6. The method for segmentation of adherent peripheral blood cells based on deep learning image processing according to claim 1, wherein in the step 3), the maximum value of pixels in the transformed image is noted as max_distance, and the distance transformed image is converted into a binary image with 0.5×max_distance as a threshold.

7. The method for adherent peripheral blood cell segmentation based on deep learning image processing according to claim 1, wherein in the step 4), V _{DT_ij} .S _cut ＝1.5*V _{DT_ij} .S _region /len(V' _{DT_i} )，V _{DT_ij} .S _region ＝V _{DT_ ij} .S _region /len(V' _{DT_i} )，V _{DT_ij} .W＝sqrt(V _{DT_ij} .S _cut )，V _{DT_ij} .H＝sqrt(V _{DT_ij} .S _cut ) And calculating the weight of the edges between the newly added node and the rest of the communication areas.

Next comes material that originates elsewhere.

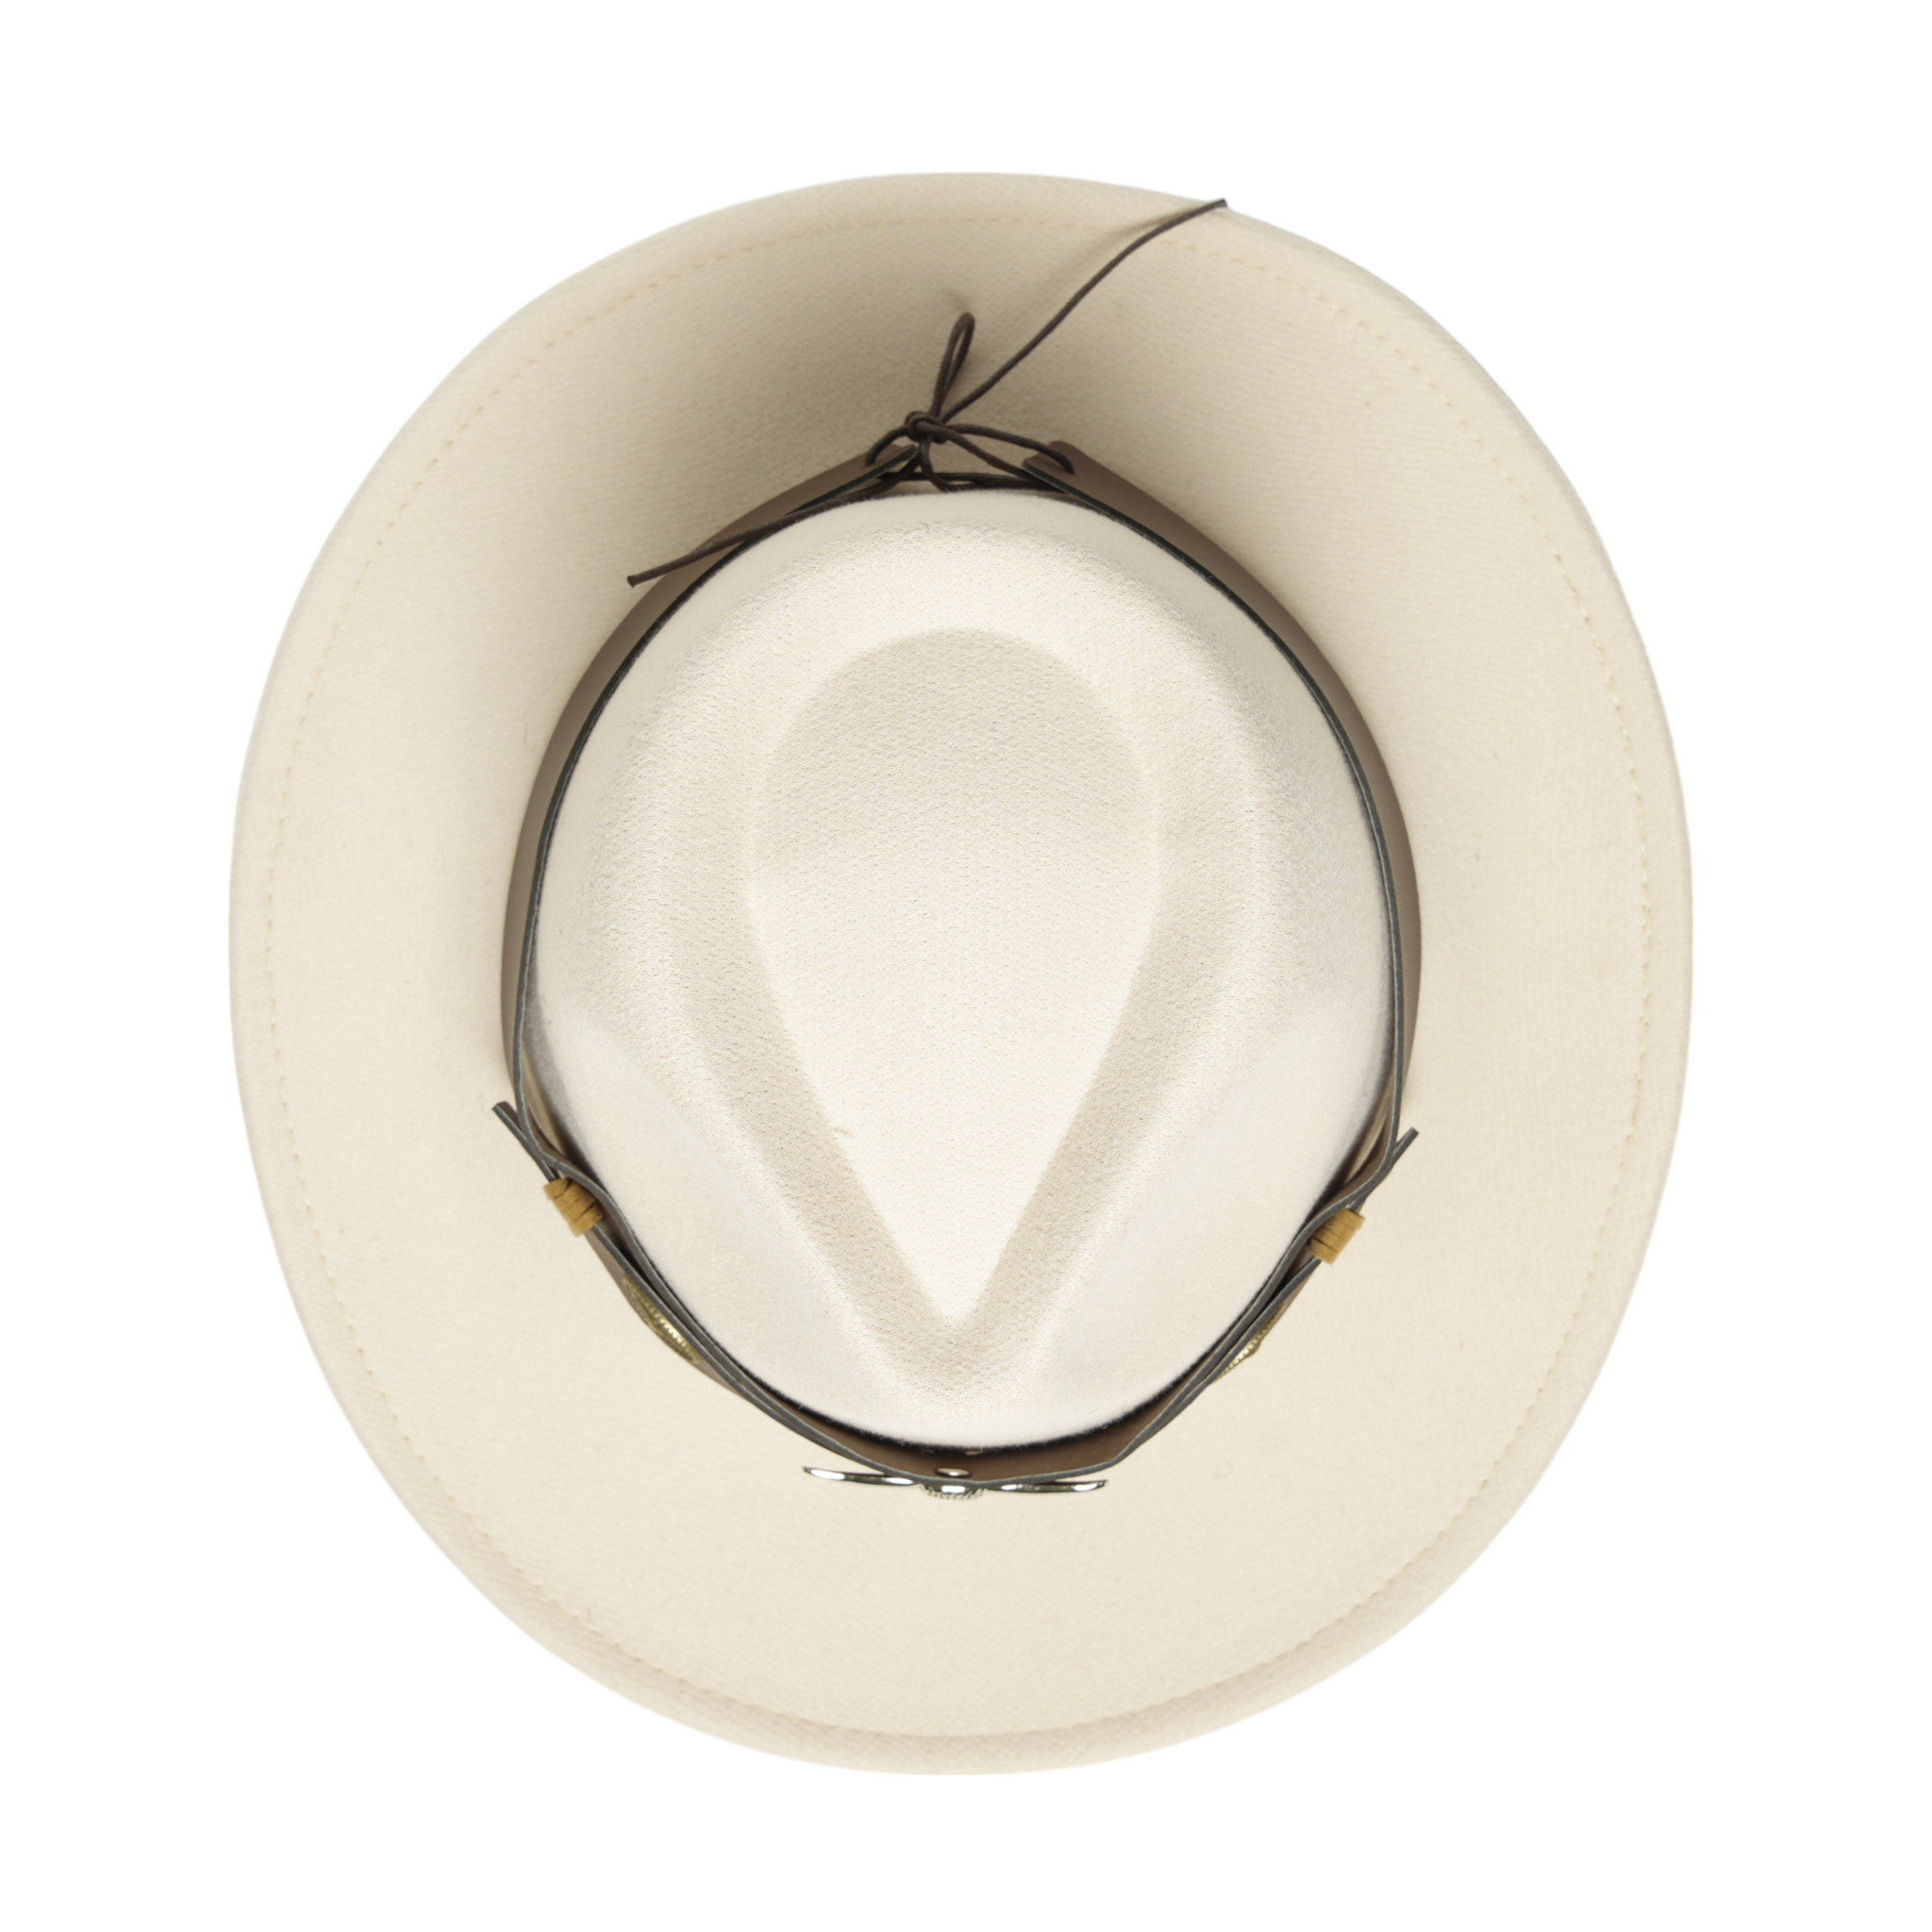 Chokore cowboy hat with Ox head belt  (Off White)

8. The method for segmentation of adherent peripheral blood cells based on deep learning image processing according to claim 1, wherein in the step 6):

s1: the newly added communication area is marked as V _new Wherein V is _new The node attribute calculation formula is as follows:

V _new .G＝(V _m .G*V _m .S _region +V _n .G*V _n .S _region )/(V _m .S _region +V _n .S _region )，

V _new .S _region ＝V _m .S _region +V _n .S _region ，

array_x＝[V _m .Gx±0.5*V _m .W,V _n .Gx±0.5*V _n .W]，

array_y＝[V _m .Gy±0.5*V _m .H,V _n .Gy±0.5*V _n .H]，

V _new .W＝max(array_x)-min(array_x)，V _new .H＝max(array_y)-min(array_y)，

V _new .S _cut ＝[1.5*max(V _new .W,V _new .H)] ² ，

V _new .G＝(V _m .G*V _m .S _region +V _n .G*V _n .S _region )/(V _m .S _region +V _n .S _region )，

V _new .G＝(V _m .G*V _m .S _region +V _n .G*V _n .S _region )/(V _m .S _region +V _n .S _region )；

s2: increase V _new Relation weight of node and other connected region (except m and n), E _new-i ＝max(E _i-m ,E _i-n ) Wherein i is V and

s3: delete V _m V (V) _n Two connected region nodes and edges related to the nodes;

s4: and (5) re-executing the step (5).